How L.A. politics shaped the New York mayor's race

By Jon Regardie

The June 24 victory OF Zohran Mamdani in the New York City Democratic mayoral primary was, as many have noted, a political earthquake. In its wake, one of the aftershock questions was: What repercussions will Mamdani’s win have on other cities, including Los Angeles?

It’s an understandable take, but it’s also backwards. The appropriate question is not how will the Democratic Socialist candidate’s victory shape future L.A. elections, but rather, how did past L.A. elections shape the NYC contest, which culminates in November with the general election?

Mamdani deserves all credit for coming from seemingly nowhere to fell 10 primary competitors, including political giant and presumed frontrunner Andrew Cuomo. But look closely, and Mamdani’s path has precursors in a quintet of L.A. election results since 2020. In four city council races and one citywide contest, the L.A. political establishment was blitzed by progressive candidates who refused to wait their turn and then, fueled by youthful energy and social media smarts, excited and activated voters who felt they had been overlooked or taken for granted. One can assume that Team Mamdani watched and learned from the L.A. results.

Many Angelenos were stunned in 2020 when left-leaning, first-time candidate Nithya Raman knocked off an incumbent — the first time in 17 years that had happened in an L.A. council race.

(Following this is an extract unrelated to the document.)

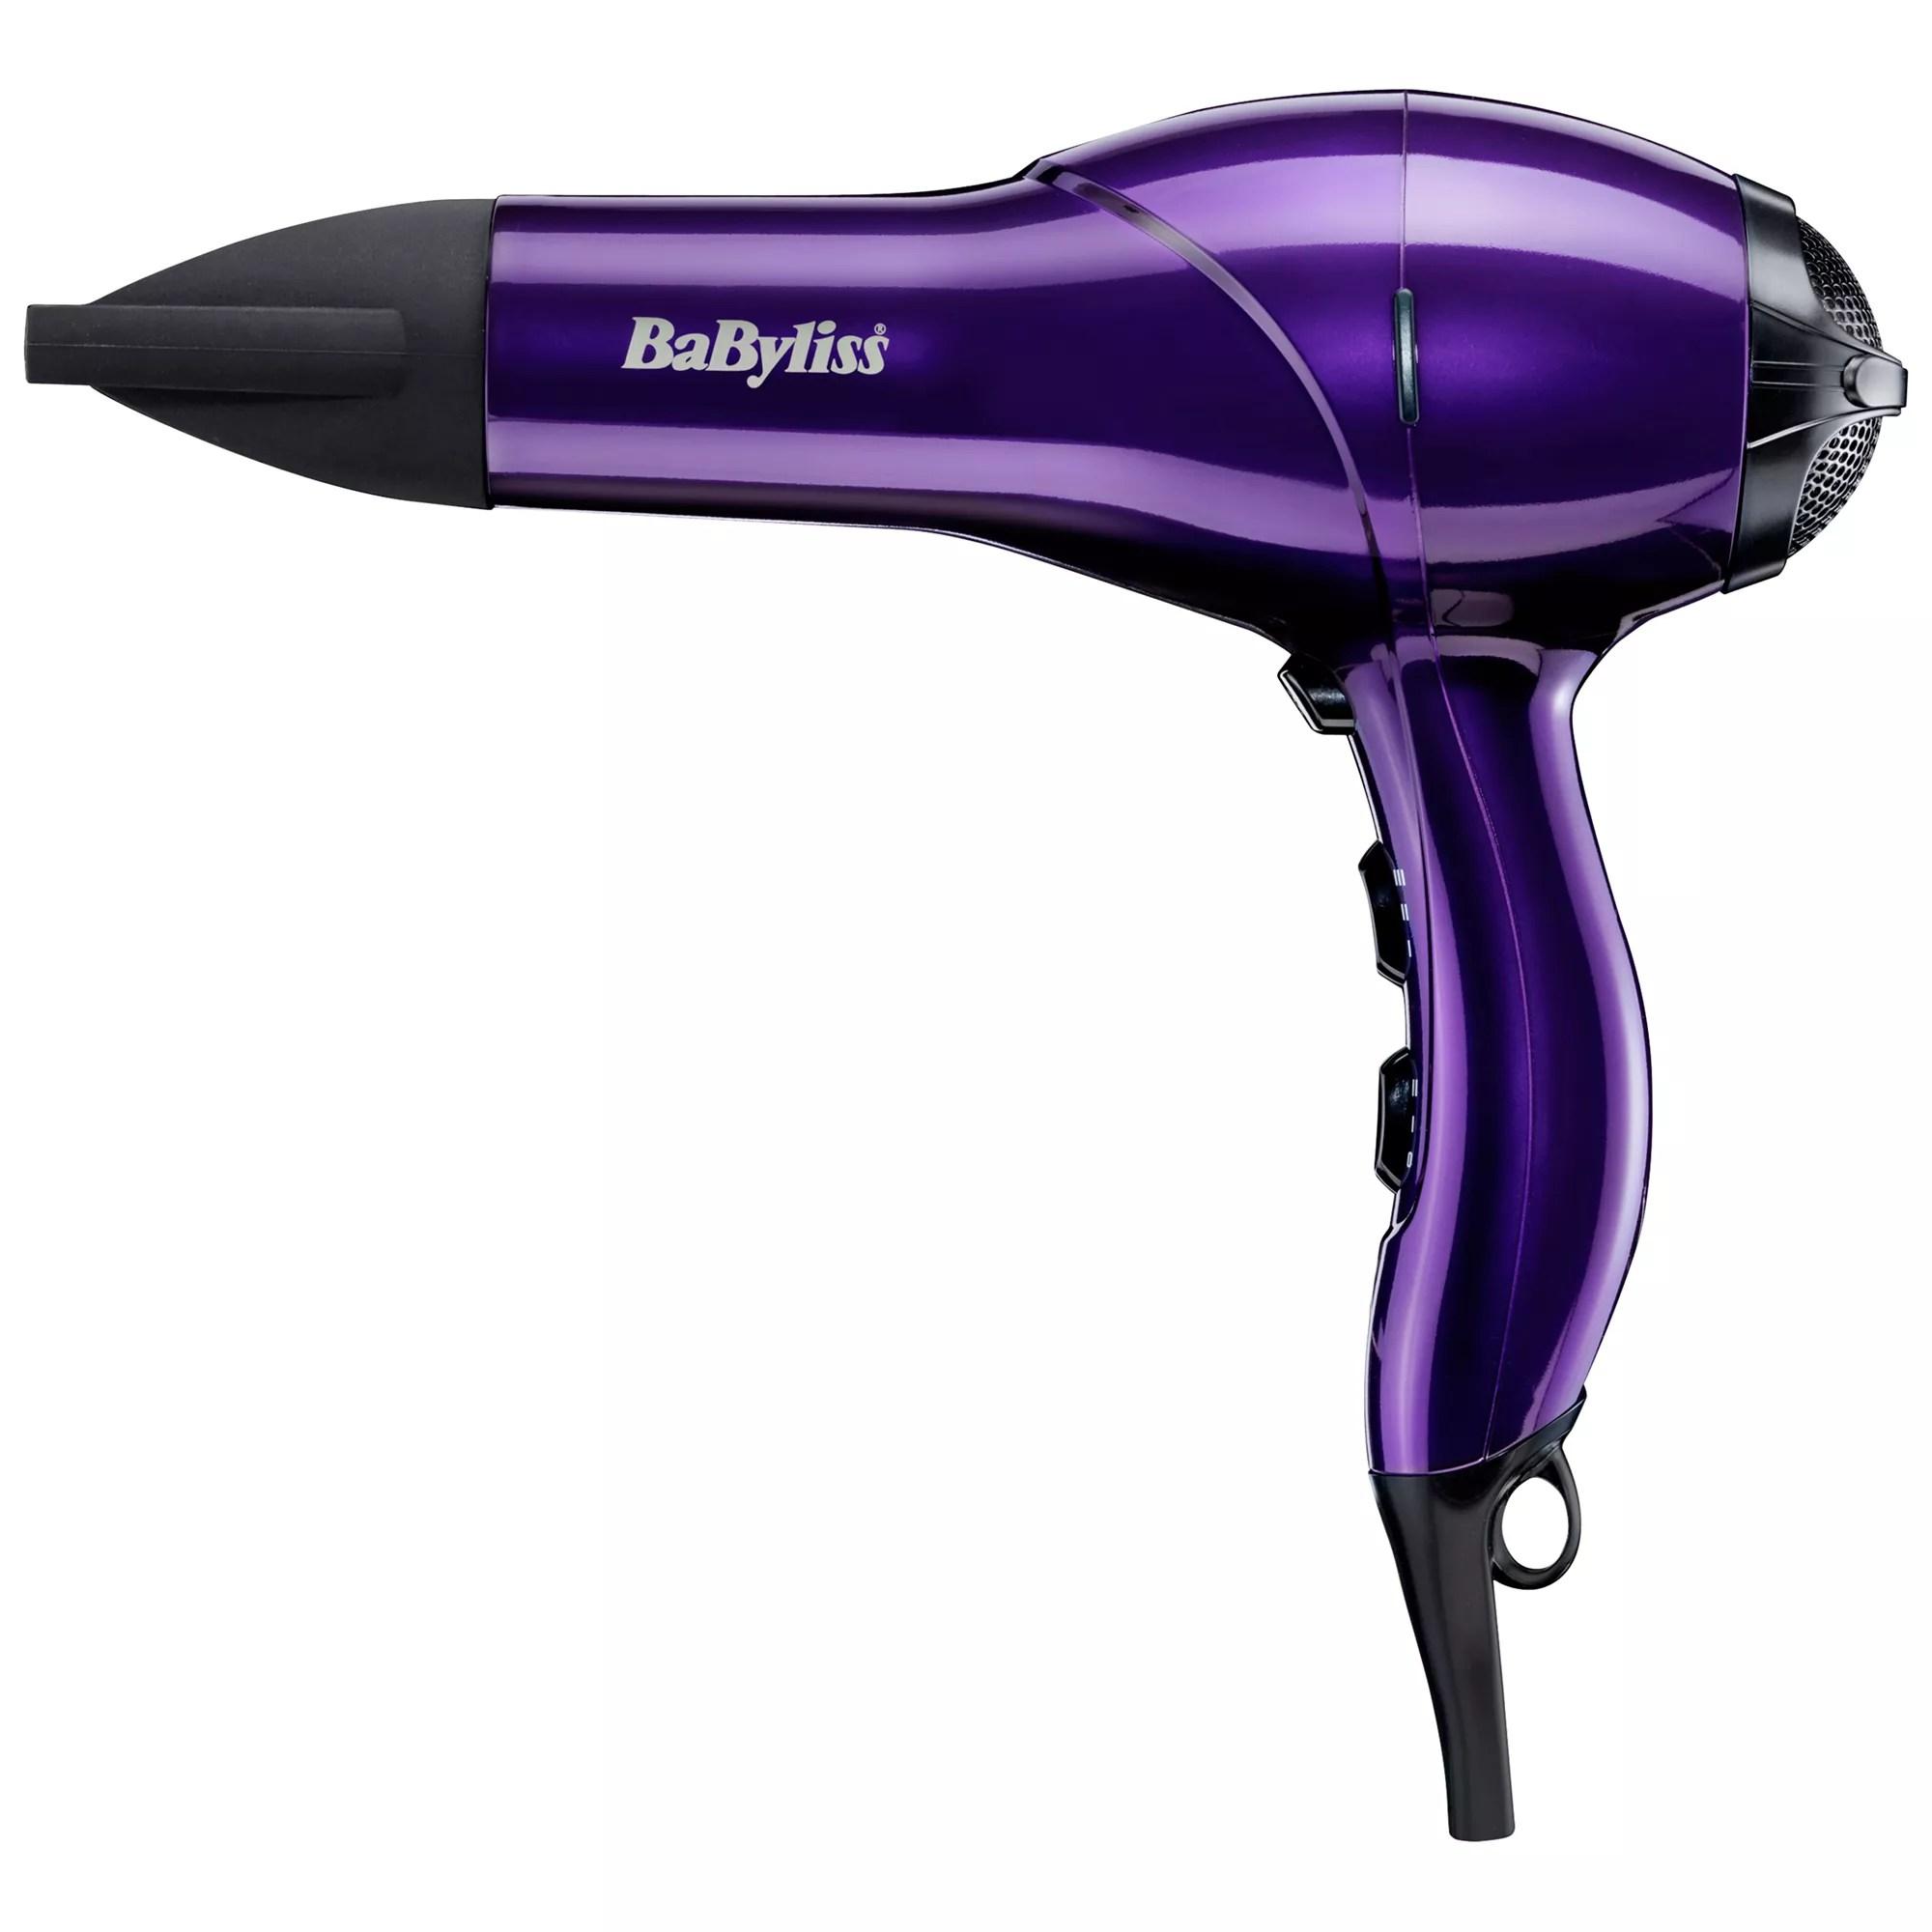 Babyliss ac2100 salon light hair dryer purple online at johnlewis com

Two years later, rookie candidates Eunisses Hernandez and Hugo Soto-Martinez — both endorsed by the local chapter of the Democratic Socialists of America — defeated mainstream Democratic party incumbents. In the same election, progressive Kenneth Mejia won the open city controller post, blasting a longtime councilmember. Last year Ysabel Jurado — also backed by the DSA, again in her first race — emerged from a crowded primary to unseat a council incumbent.

None of the five had much name ID before running. That’s similar to Mamdani; he had served in the State Assembly, but as The New York Times wrote in a post-win analysis, “After two terms, he had little power and was barely known outside his Queens district.”

In each of the aforementioned L.A. races, the left-leaning candidate raised less money than his or her opponent. But all had something that would prove more important — an ideological message that drew eager volunteers. Frequently it centered on advocating for fewer police and more resources for people experiencing homelessness. Crowds clambered aboard.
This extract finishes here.